Genotyping, and the construction of bin and genetic linkage maps

All 210 F6 lines in the CI7/K22 RIL population, together with their parents, were genotyped using the Illumina MaizeSNP50 BeadChip, which contains 56,110 SNPs and covers 19,540 genes [79]. The leaf tissue was collected and freeze-dried at −60 °C. Genomic DNA from the leaf tissue was extracted using cell lysis and protein precipitation solution kits (Qiagen, Germany). SNP genotyping was performed on the Illumina Infinium SNP genotyping platform at the DuPont Pioneer Company. PLINK [80] was used to estimate the missing rate, minor allele frequency and heterozygosity for each SNP, and the missing rate and heterozygosity for each line. After quality control, 13,433 SNPs that were polymorphic between the two parental lines were used to construct the genetic linkage map using an economic go-wrong method integrating the Carthagene software [81] in a Linux system with in-house Perl scripts (www.maizego.org/Resources.html). Completely co-segregating markers were assigned to a chromosomal bin, and each bin was considered as one marker.

QTL mapping

QTL mapping of the starch content was performed using composite interval mapping [82] implemented in Windows QTL Cartographer 2.5 [83]. The scanning interval between markers was set at 0.5 cM, and the window size was set at 10 cM. Model 6 of the Zmapqtl module was selected for detecting QTLs and estimating their effects. A forward-backward stepwise regression with five controlling markers controlled the background from flanking markers. The threshold LOD values to declare the putative QTLs were estimated by permutation tests with a minimum of 1,000 replicates at a significance level of p < 0.05 [84]. The confidence interval of the QTL position was determined using the 1.5-LOD support interval method [85]. To further detect the additive × additive interactions between the identified QTLs, multiple - interval mapping in Windows QTL Cartographer 2.5 was performed using the Bayesian Information Criteria as the criteria [86].

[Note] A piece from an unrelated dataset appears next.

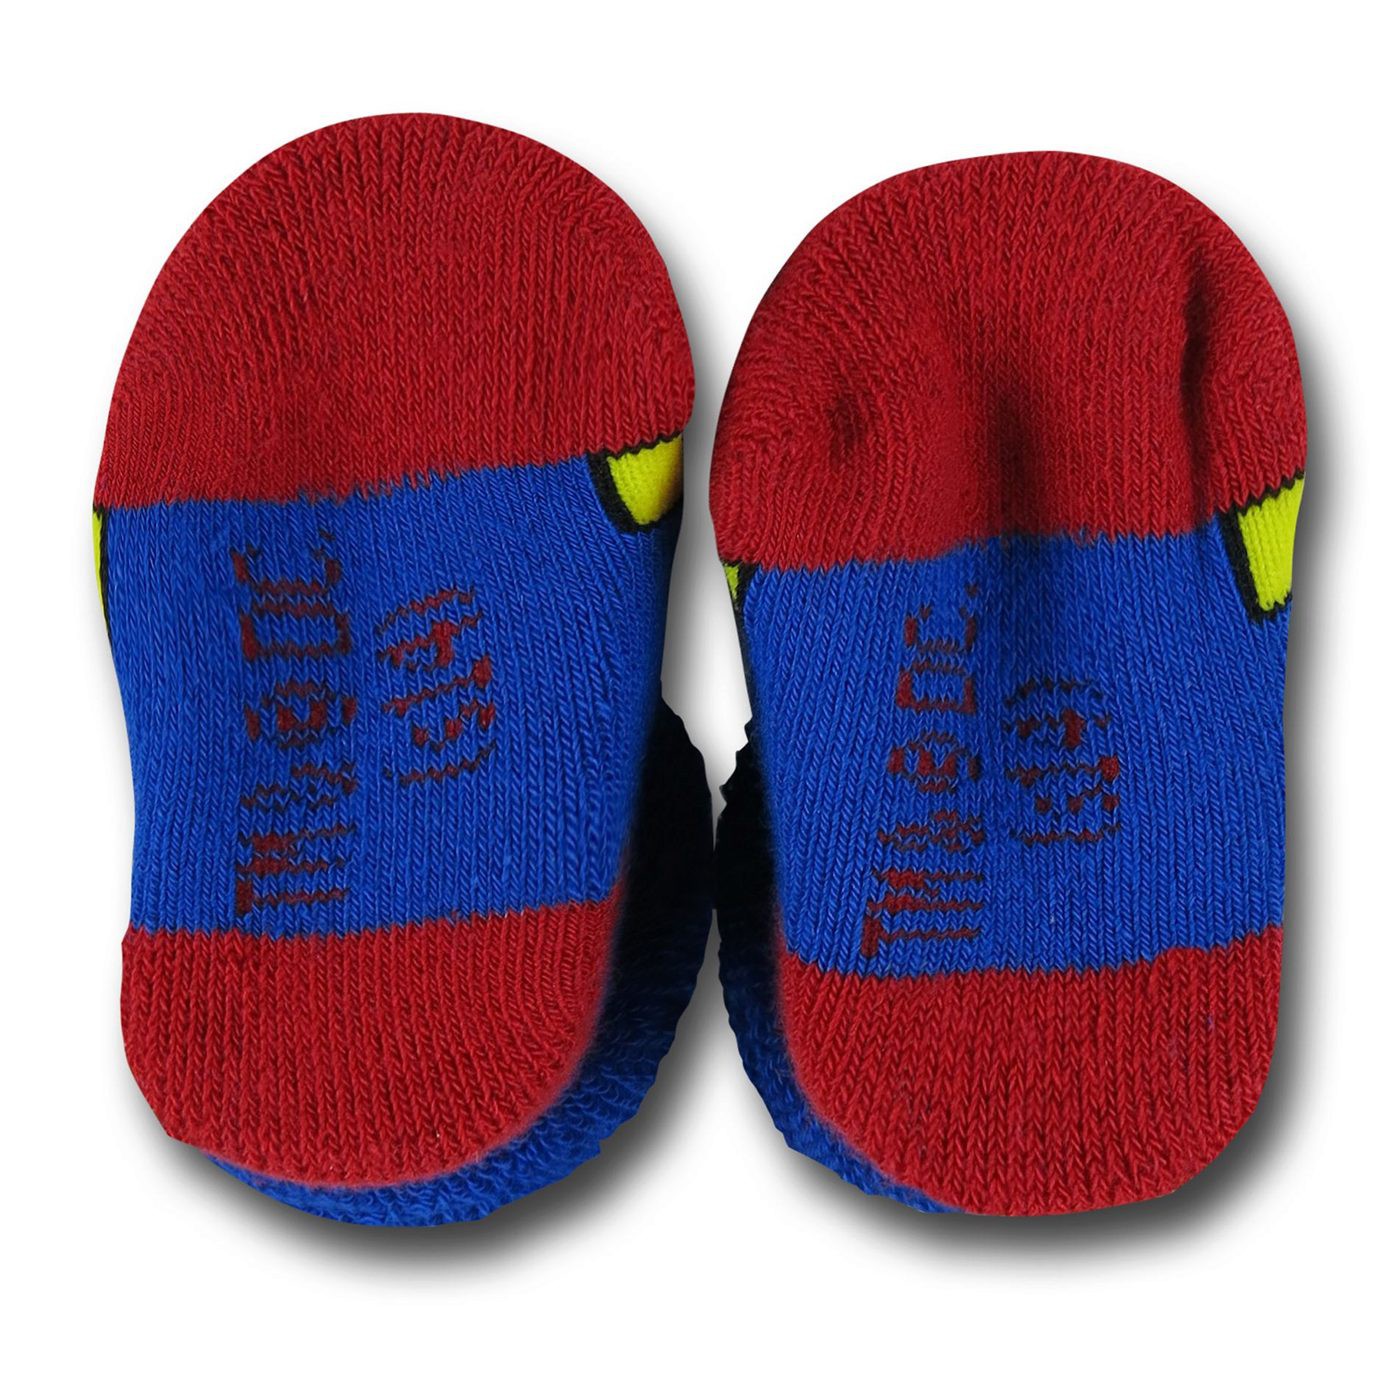 Superman 2 Pack Infant Booties
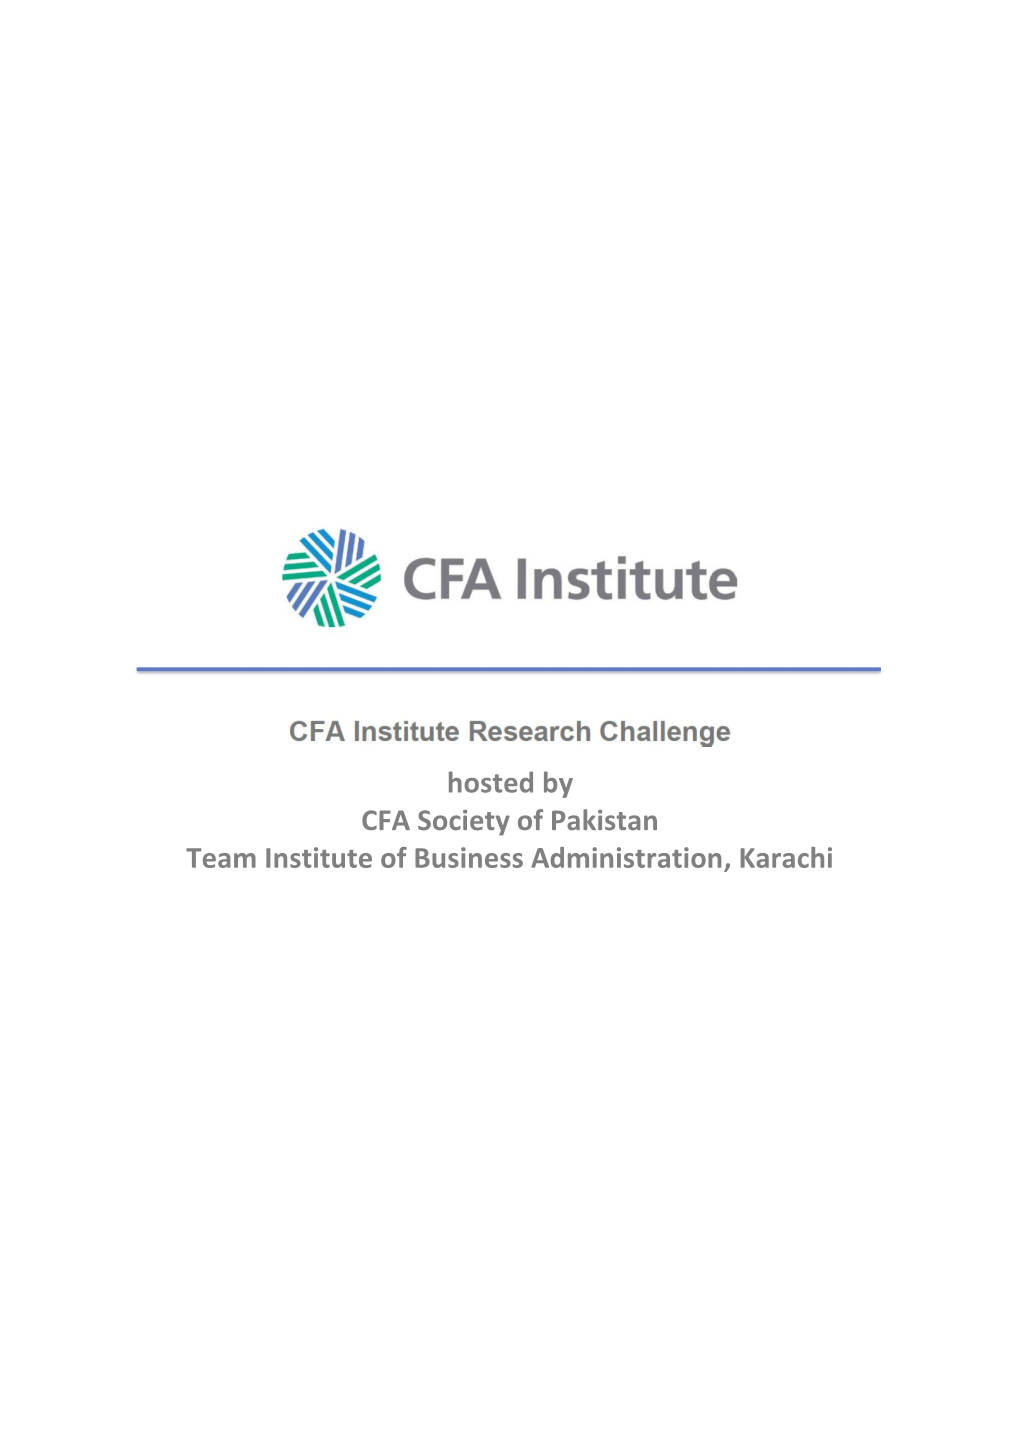 Hosted by CFA Society of Pakistan Team Institute of Business

Annotation of candidate genes

Based on the information available in the Gramene BioMart database (ensembl.gramene.org/biomart), the genes within the refined QTL interval and their functional descriptions were extracted. The function of each gene was further confirmed from orthologs in Arabidopsis or rice linked in the MaizeGDB database (www.maizeGDB.org). Additional protein prediction information was obtained from the InterPro module in the European Bioinformatics Institute database (www.ebi.ac.uk/interpro/).

Availability of supporting data

All supporting data can be found within the manuscript and its additional files.